Review: The Wilder Life by Wendy McClure
If you were ever a fan of Laura Ingalls Wilder’s Little House series—the ostensibly autobiographical novels about a pioneer girl growing up in the 19th-century Midwest—prepare to have your perceptions of the Ingalls family skewed ever so slightly. Author Wendy McClure (I’m Not the New Me) immersed herself in what she calls “Laura World” for her new book, The Wilder Life, and found the author’s story more complicated than an eight-year-old (the age that McClure was when she read the series) could have imagined.
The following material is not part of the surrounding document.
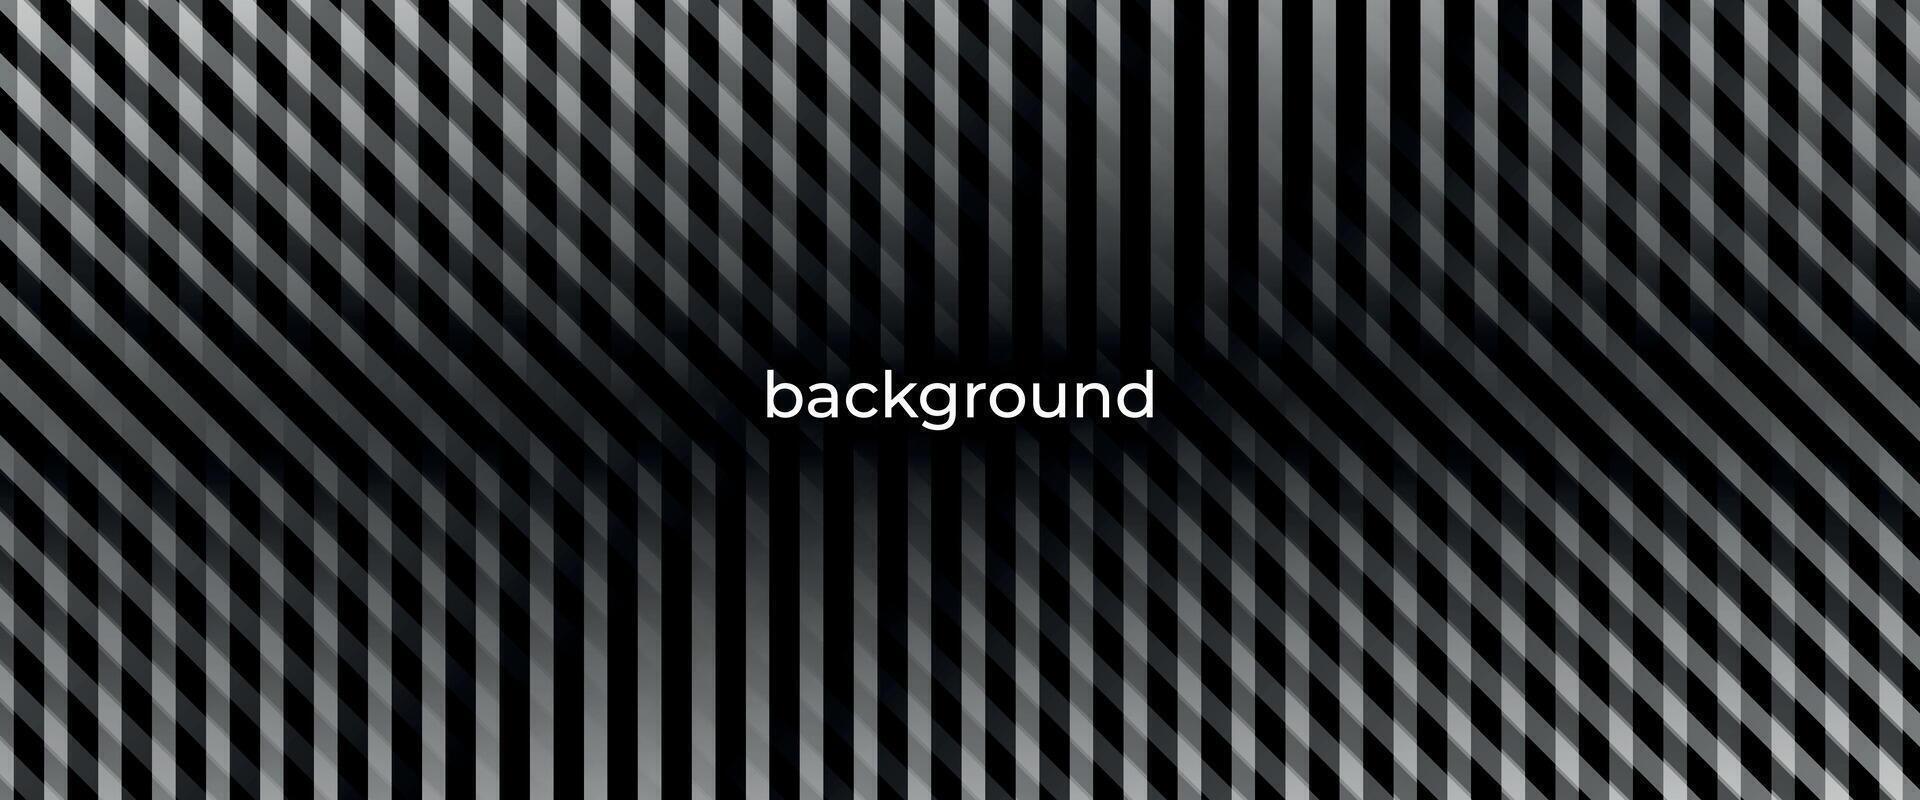 Abstract black background with light stripes vector

McClure, who also pens a pop-culture column for Bust magazine, eschews a simple, biographical sketch of Wilder in favor of a Vowellian quest to dig up the truth behind the stories. She rewatches the somewhat corny Michael Landon TV series based on the books; she purchases multiple sunbonnets; she even churns butter with a churn she purchases from eBay. McClure also travels through the Midwest, visiting museums devoted to Wilder and uncovering uncomfortable facts about the Ingalls family along the way. As it turns out, pioneer life is rough; contrary to the cheerful, scrappy image projected in the books, Wilder’s life was filled with hardship, lost crops and one very cranky daughter.
While McClure chronicles all of these adventures with wry humor, the book’s appeal could also be seen as its central problem: If you’re not an admitted Little House geek already, there’s little of interest here. But those who have dreamed of wearing prairie dresses and traveling in a covered wagon will find this sojourn into Laura World enlightening.